- Born: May 11, 1855 Klockries, Kingdom of Denmark
- Died: February 7, 1935 (aged 79) Flensburg, Nazi Germany
- Occupation: Teacher
- Known for: North Frisian poetry

= Nis Albrecht Johannsen the Elder =

North Frisian poet (1855–1935)

Nis Albrecht Johannsen the Elder (11 March 1855 – 7 February 1935) was a North Frisian poet. He is considered the most important poet of the North Frisian language.

== Biography ==
Johannsen was the son of the tailor Momme Johannsen (1790–1866) and his wife Sösche, née Carstensen, (1819–1895).

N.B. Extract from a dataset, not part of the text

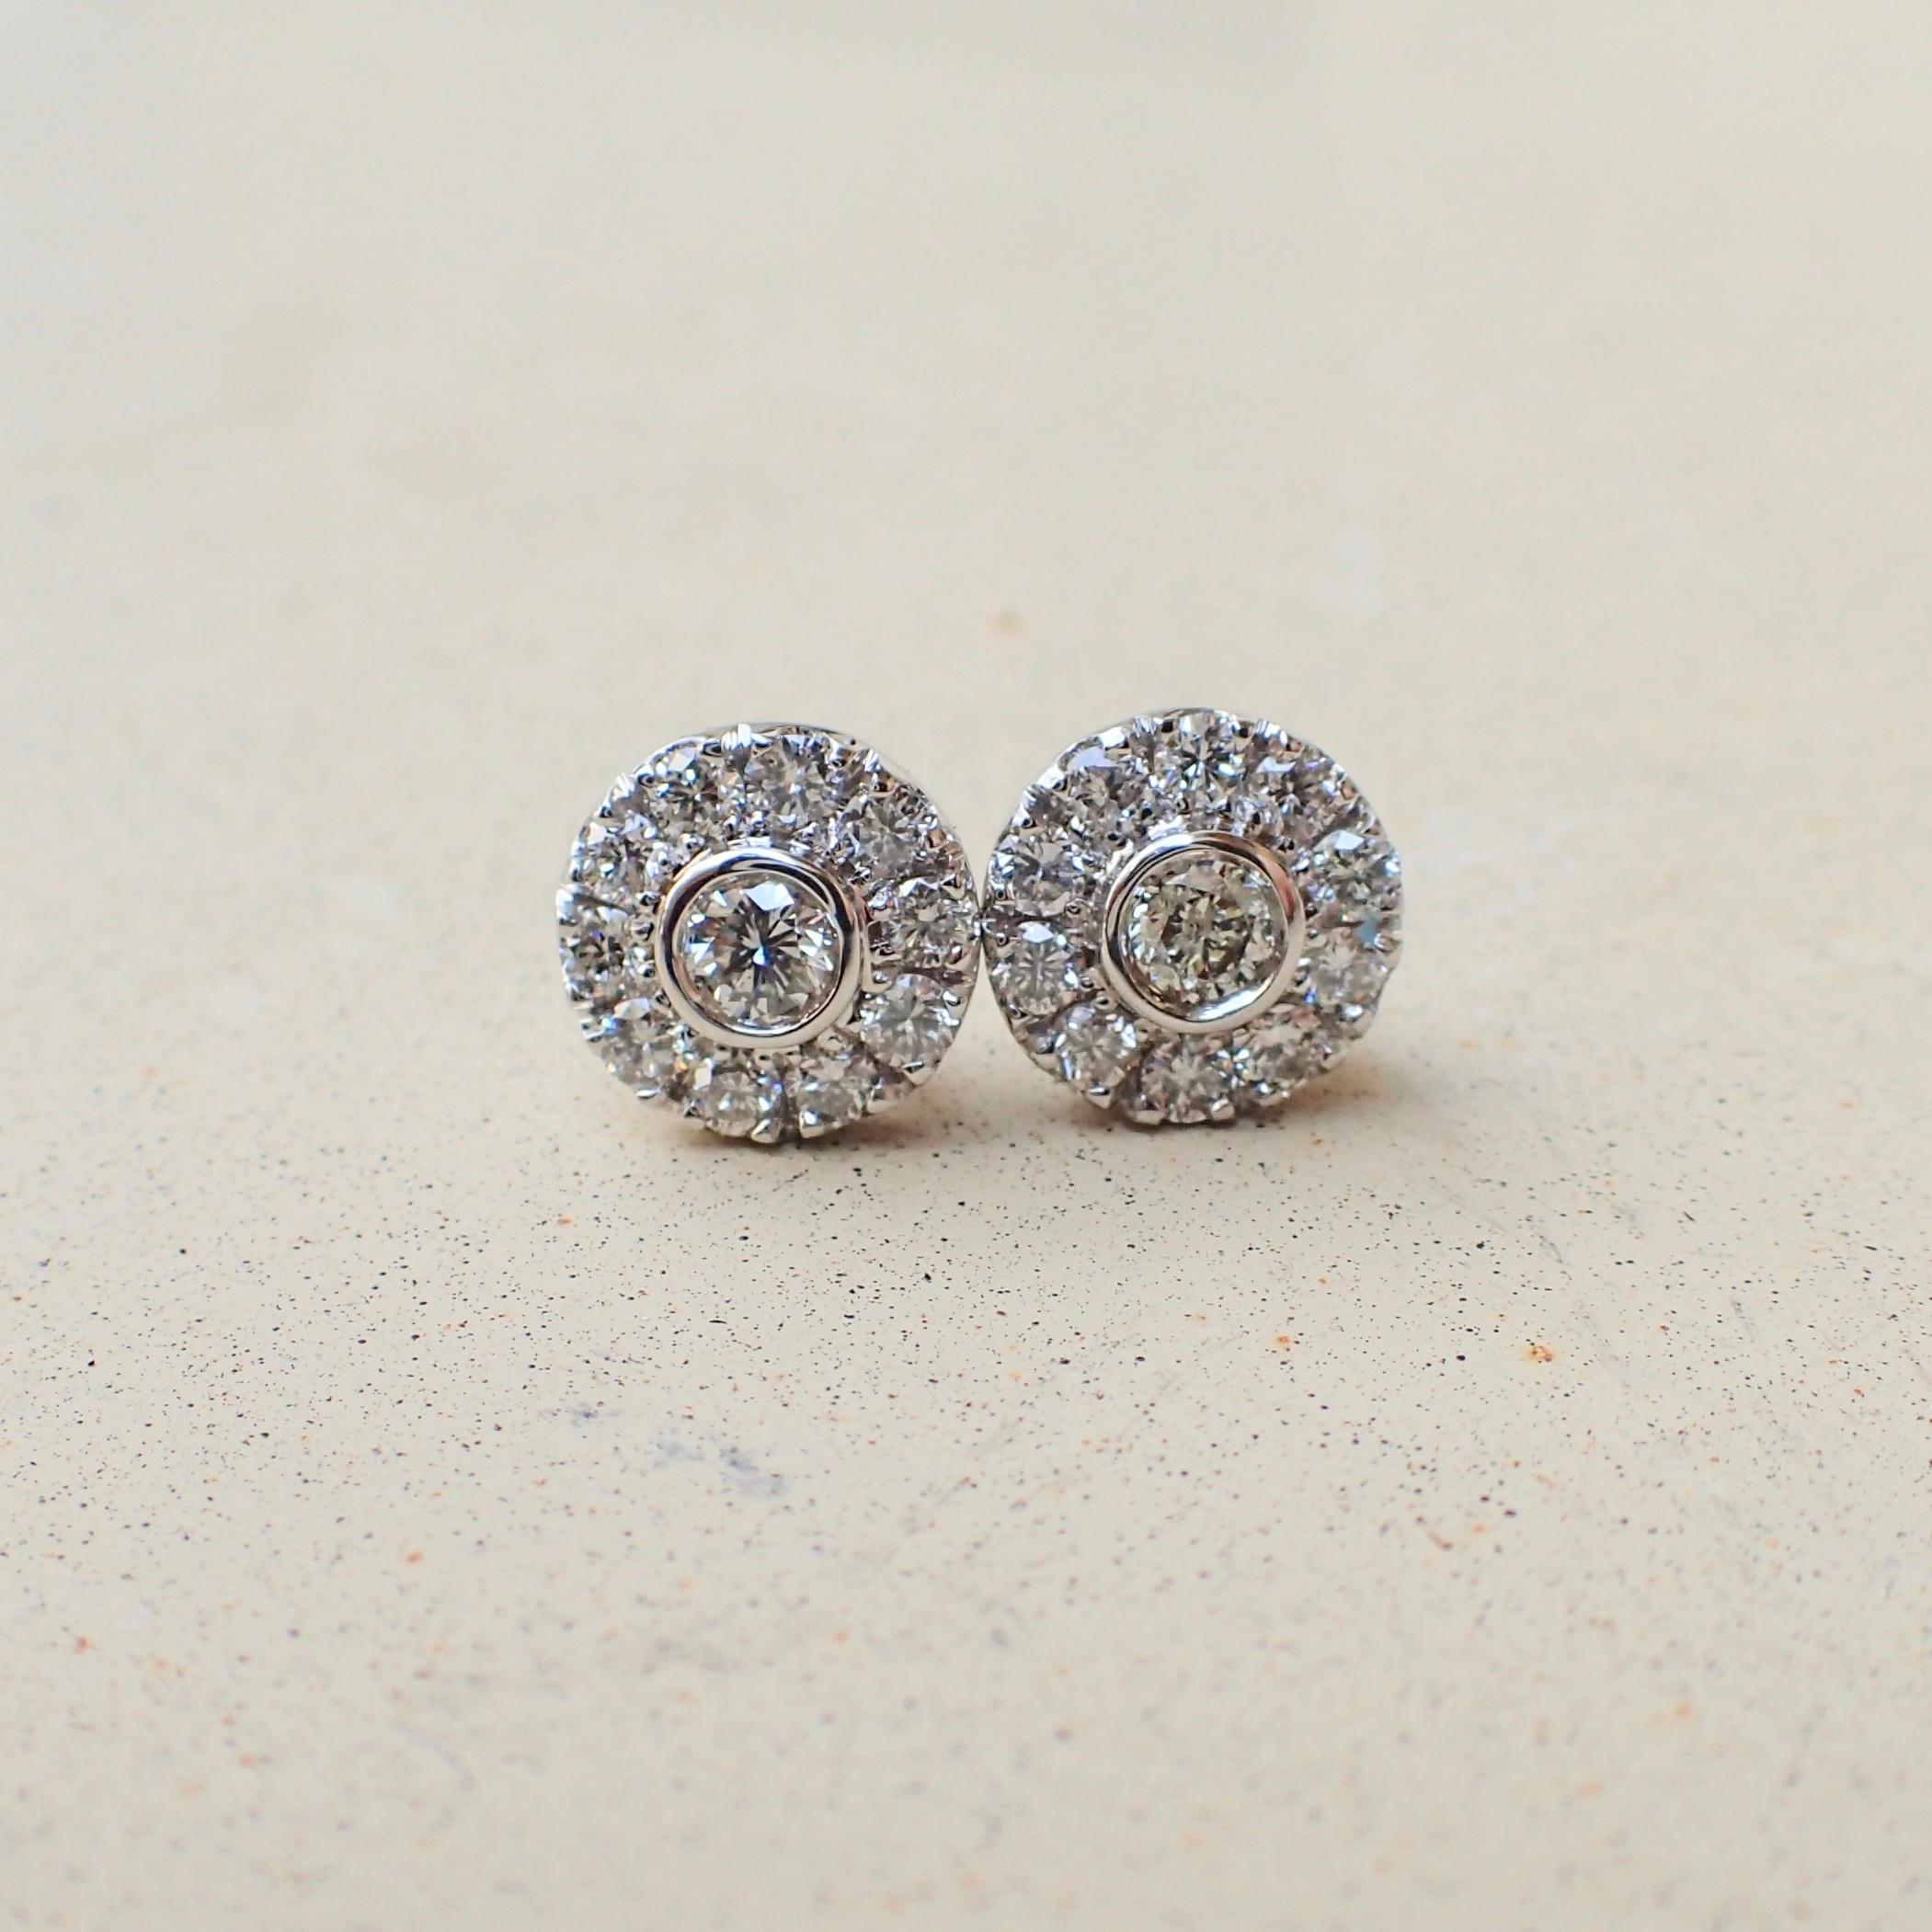 Round Cut 18 Karat White Gold Stud Earrings are Set with 0.42 Carat of Diamond For Sale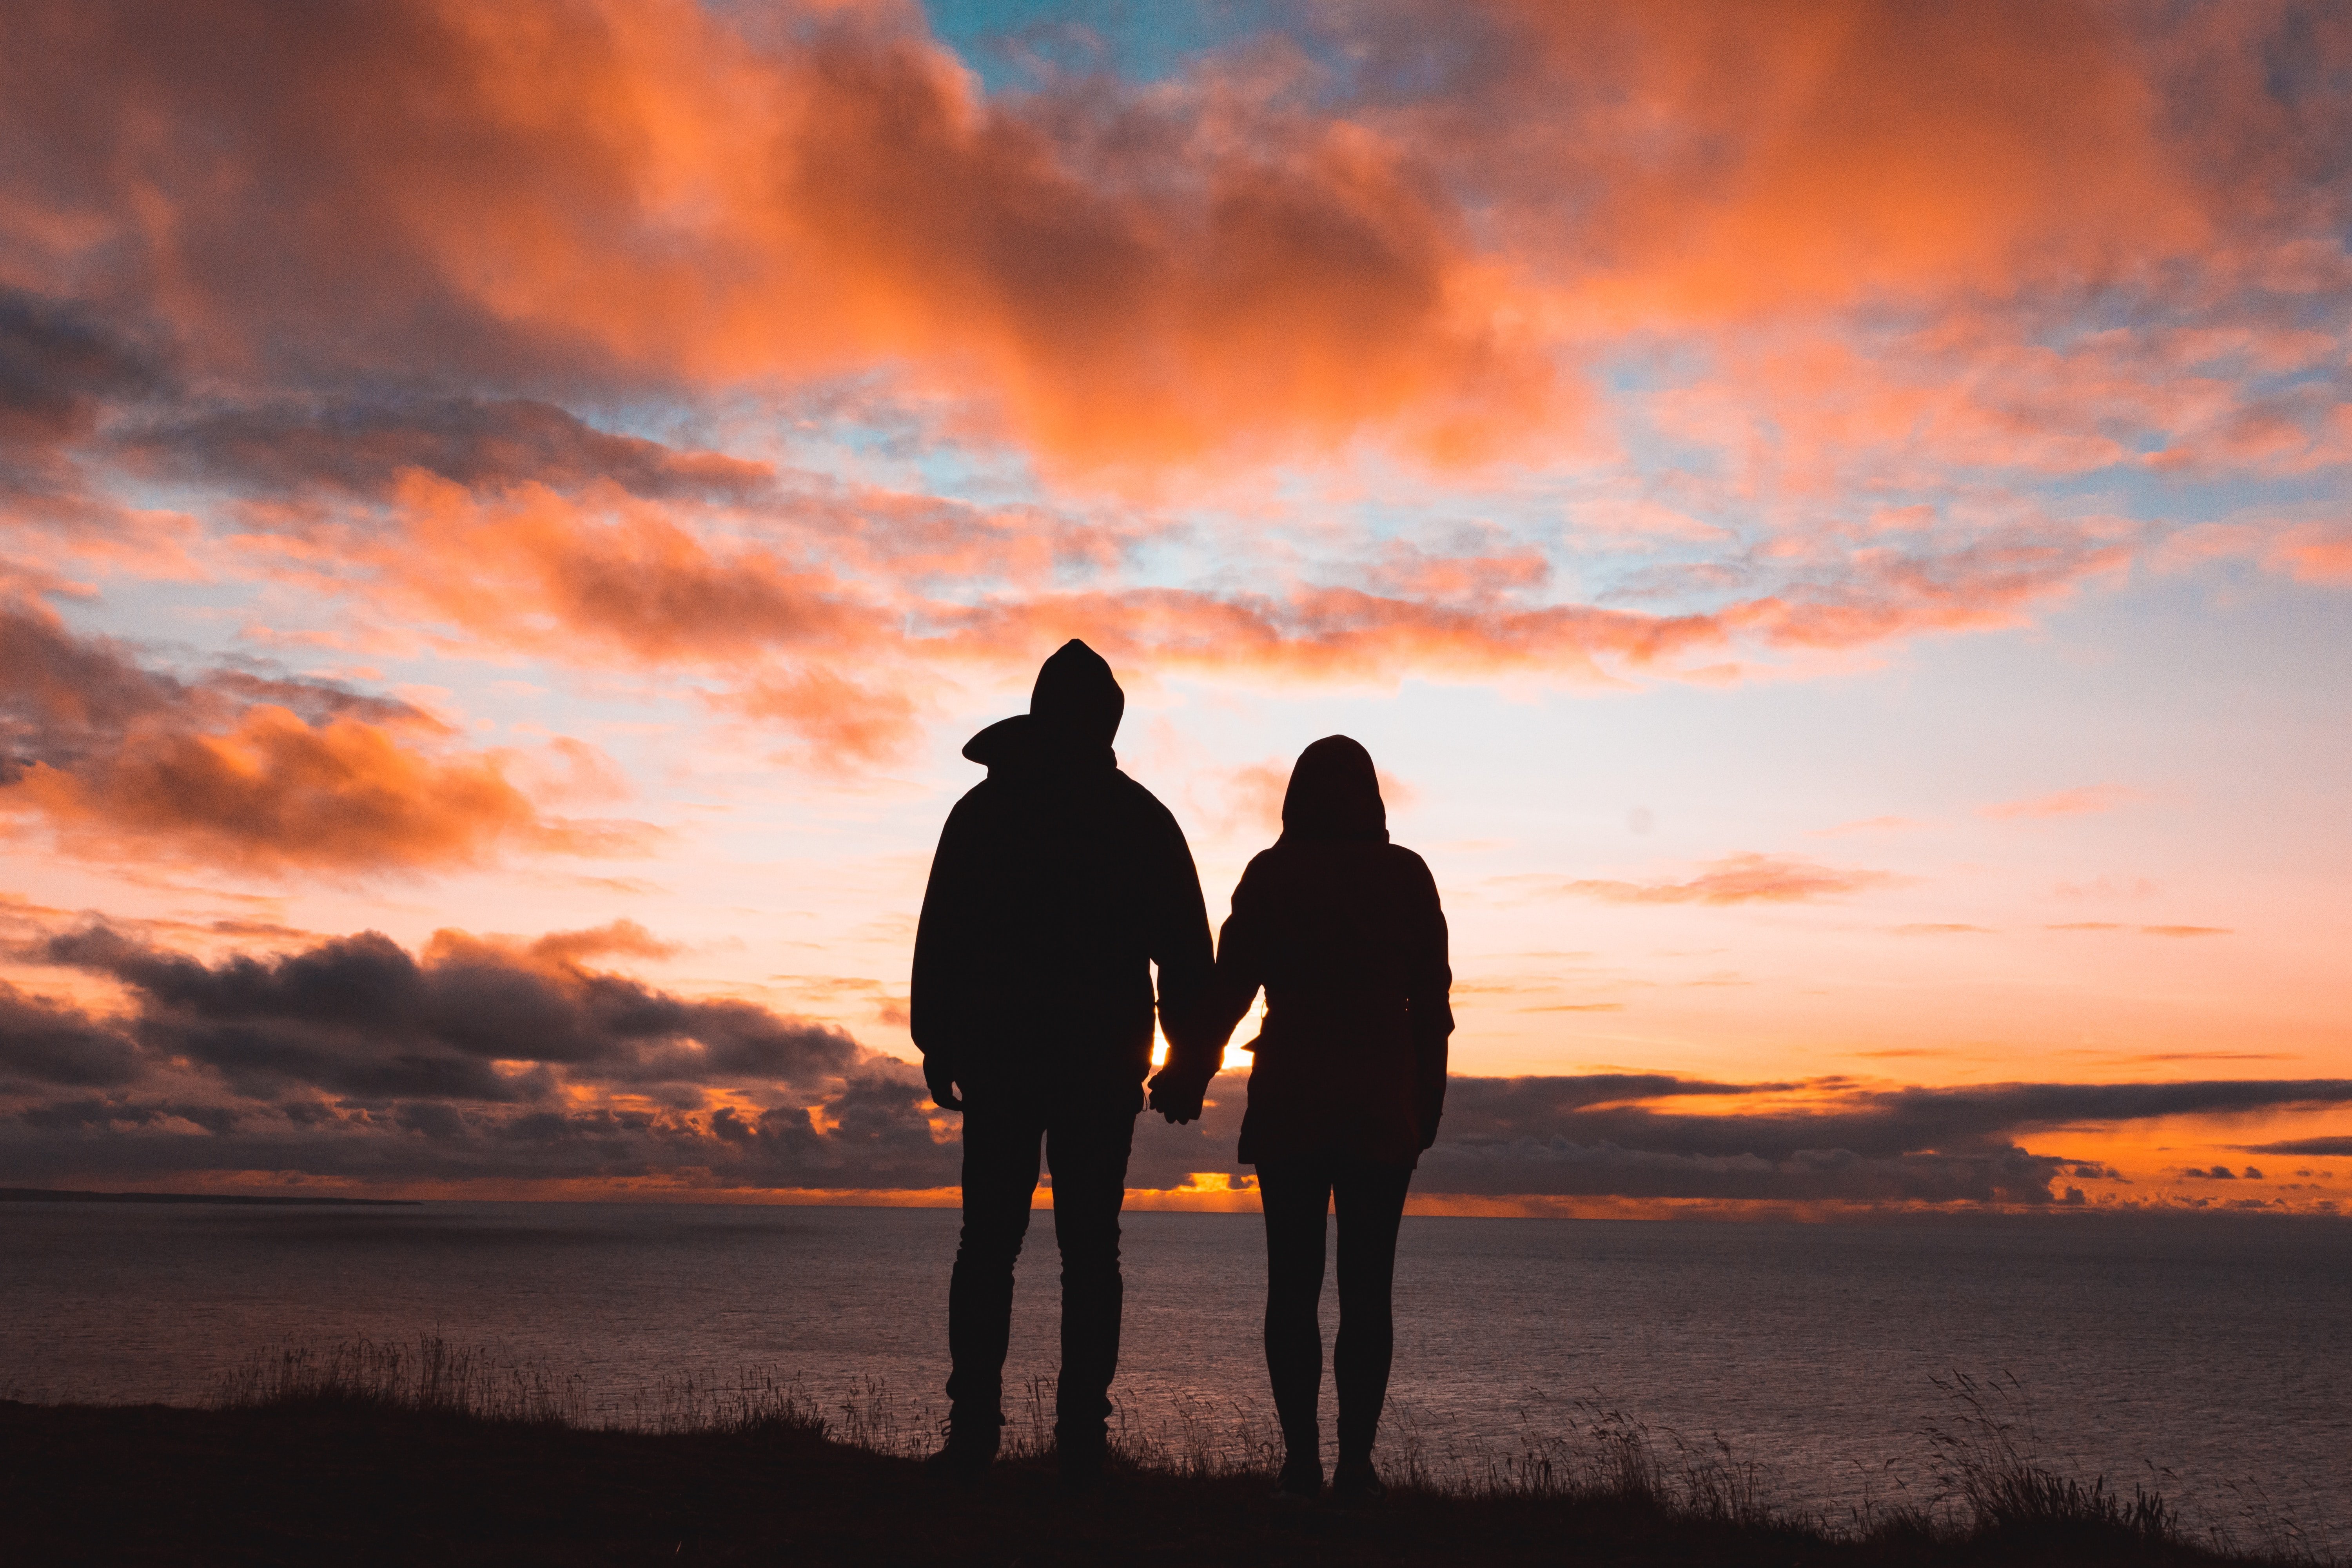 A picture of a couple at sunset. | Source: Unsplash.com

After attending elementary school in Klockries and the secondary school in Trollebüll, he studied at the teacher training college in Tondern from 1876 to 1879. He then worked as a teacher in Westerschnatebüll and Klixbüll, and from 1885 onward in Deezbüll, where he also served as sexton.

In 1904, Johannsen retired for health reasons and moved to Flensburg. There, he wrote numerous poems, stories, and other works in the North Frisian language, using the Bökingharde dialect, as well as cultural and historical articles in High German. Johannsen regarded the preservation of the Frisian language as his most important mission.

His estate and that of his son are now managed by the Nordfriisk Instituut.

== Works ==
- Üt Mjarsch en Maure. Friesische Erzählungen und Gedichte. C. F. Delff, Husum 1930.